Совершенно обыкновенный день

        “Гудки в телефонной трубке, напоминали позыв-ные пастушьих рожков”, - придумал Чистяков, словно сидел перед своей печатной машинкой.
    Со стены напротив, цинично и платоядно, смотрела плакатная Шарон Стоун, и вбирала Чистяковские зрачки себе между ног.
    На самом деле, гудки втекали в ухо из его собственного мобильного, а на другом конце Тель-Авива - Катерина ещё не добралась до зелёной,  лопоухой уродины, которую её маман называет “аппаратом”. Сорок лет бабе, за плечами преподование в МГИМО, выглядит, как Мурлин Мурло, а вот ведь, если подходит к телефону, так: “У аппарата!”. Слава богу, она сейчас на работе, моет банк перед открытием. Делать это она должна вечером, после закрытия банка, но вечером у неё расширяется диафрагма и она исчезает на улице Алленби, квартира 8, по коридору направо, третья сквозная комната, кровать посередине, резные рюшечки по её (кровати) границе. Собственно говоря,  Чистяков и познакомил Мурлин Мурло с Гиви. Со всей вытекающей отсюда осведомлённостью. Ей вообще-то везёт, Мурлин. В МГИМО везло с фамилией Бруменштейнберг, в банке везёт с администрацией, которая взирает на нарушение режимной уборки с чисто ашкеназийской рассудительностью. А то, как управляющий банком, Шломо, во время утренней “поломойки”,  уже тусуется в своём кабинете и даже изредка может предложить Мурлин десятиминутный перепихончик, в приватной обстановке перегороженной пластиком кассы,  так это в нём  3% марокканского сперматозоида бродит, в поисках ещё тёплой, и не до конца сомкнувшейся,  диафрагмы.
    Пастушьи рожки, может быть, и ласкают слух альпийским склонам, но уже начинают надоедать и, вообще, это ж надо так дрыхнуть, чтобы не слышать верещания зелёной образины.
    - Аллё…, - хрипло и задушенно, сказала, нет, прорычала, нет, простонала, вот, простонала Катерина.
    Чистяков даже завибрировал ногами, представив Катерину такой, какая она сейчас стоит там,на другом конце Тель-Авива. Единственное, в чём можно ошибаться….

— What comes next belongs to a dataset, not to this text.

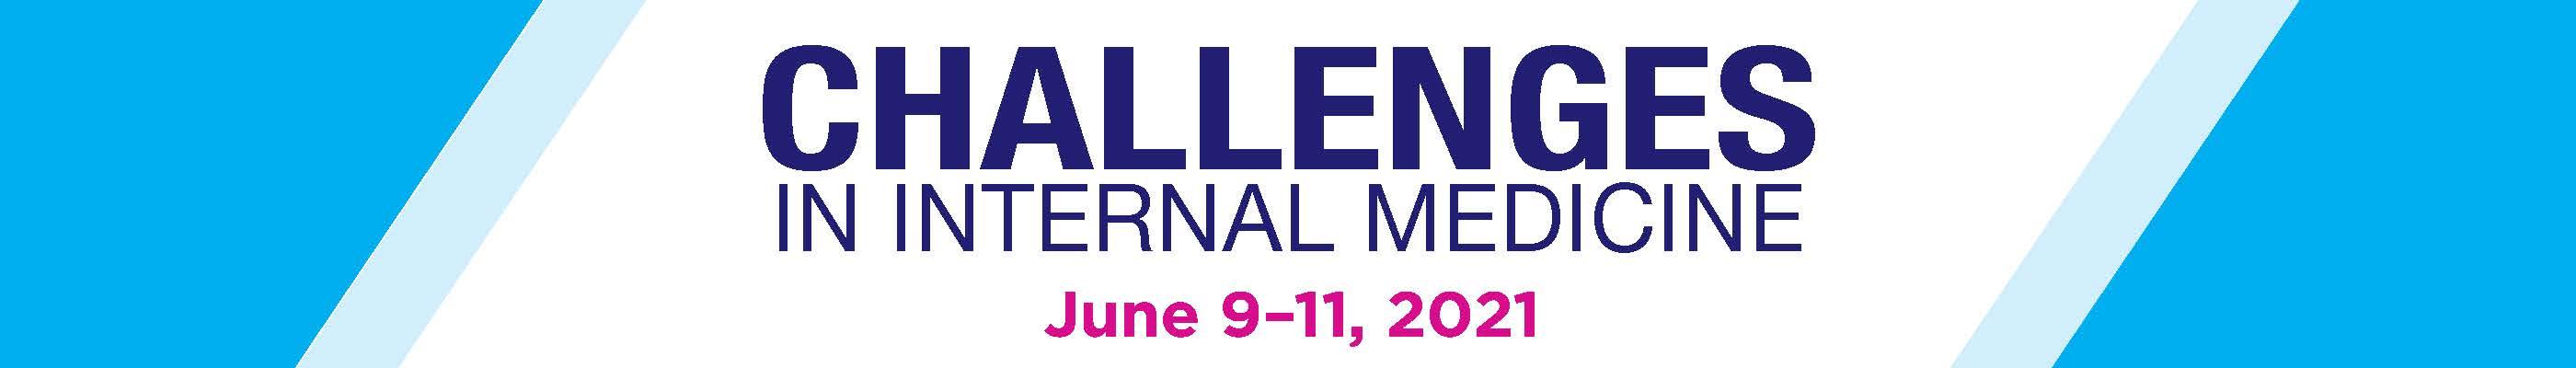 Virtual-Challenges in Internal Medicine Banner

    - Аллё, - нарастают нотки протеста. Мятежный дух требует отмщения, хочет мять, ломать, крушить, рвать, короче, спать мятежный дух хочет.
    ….Так вот, единственное в чём можно ошибиться, так это в расцветке трусиков. Травка припорошенная снегом или имитация тонких, однако бурных волн, или что-то кружевное такое. А, быть может, банзай (!!!!!!!!!!!!!!!), маленькое, красненькое, с чёрной бахромой, по краям, с апликационным тюльпанчиком, в нижнем углу неравнобедренного треугольника, или вообще, ну во-о-още….
    - Аллё!!! - Уже на грани срыва, на пике ненависти, на пороге изничтожения Посмевшего.
    - Доброе утро, моя хорошая, - мурлыкнул Чистяков.
    Четырёхсловесный этот “мур-р-р” - получился дрожащим и звонким, как “лямур” во рту  у Мирей Матье. Но когда он, прикрыв микрофон ладонью, попытался прокашлять исходящую изнутри, от мошонки к горлу, вибрацию (то ноги вибрируют, теперь, вот, от-к. “Маньяк, маньяк эротический”, - кричала бабушка Соня, застукав его однажды за просмотром гинекологического среза в журнале “Здоровье”), повторяю, вибрацию-получилось и вовсе нечто нетранпартабельное, которое всё-таки добралось до другого уха, в виде:
    - Как спалось, моей сладенькой? Хочешь анекдот расскажу?
    Последовавшая за этим пауза,позволила Чистякову дотянуться до сигарет и зажигалки.
    - Совсем охуел?! - Абсолютно несонным голосом, спросила Катерина.
    Как он любит такие переходы. Широкие длинные переходы, в которых выбиты все лампочки и тени поглощаются непрозрачной темнотой. Сзади дырка, спереди дырка, а в середине чёрная бесконечность, дёргающая вправо-влево, оттягивающая руки и ноги в стороны.Расстопырившись, как космический лайнер, ты пытаешься ещё скрести башмаками зияющую пустоту, а волосами отбиться от холодного засасывания потустороннего всесоса, потому что снизу и сверху тот же пейзаж. Можно ещё сказать про невидимую руку, которая затыкает тебе все щели, да так профессионально, что ты пукнуть не можешь. Можно ещё про многое рассказать, но ведь, в конце-то концов, ты плюёшь на бесконечность и выходишь в ту дырку, которая спереди и можешь вздохнуть глубоко, в пределах своеё конституции, исходя из того, что хотя ты и выглядишь, как итальянский “капо”, всё же не хухры-мухры, закончил десятилетку с золотой медалью, Афган раком ставил, а любимую свою женщину, наоборот, не только раком, не только, знаком визуально с Малевичем, Кафкой, и Петькой Гордиевским лично.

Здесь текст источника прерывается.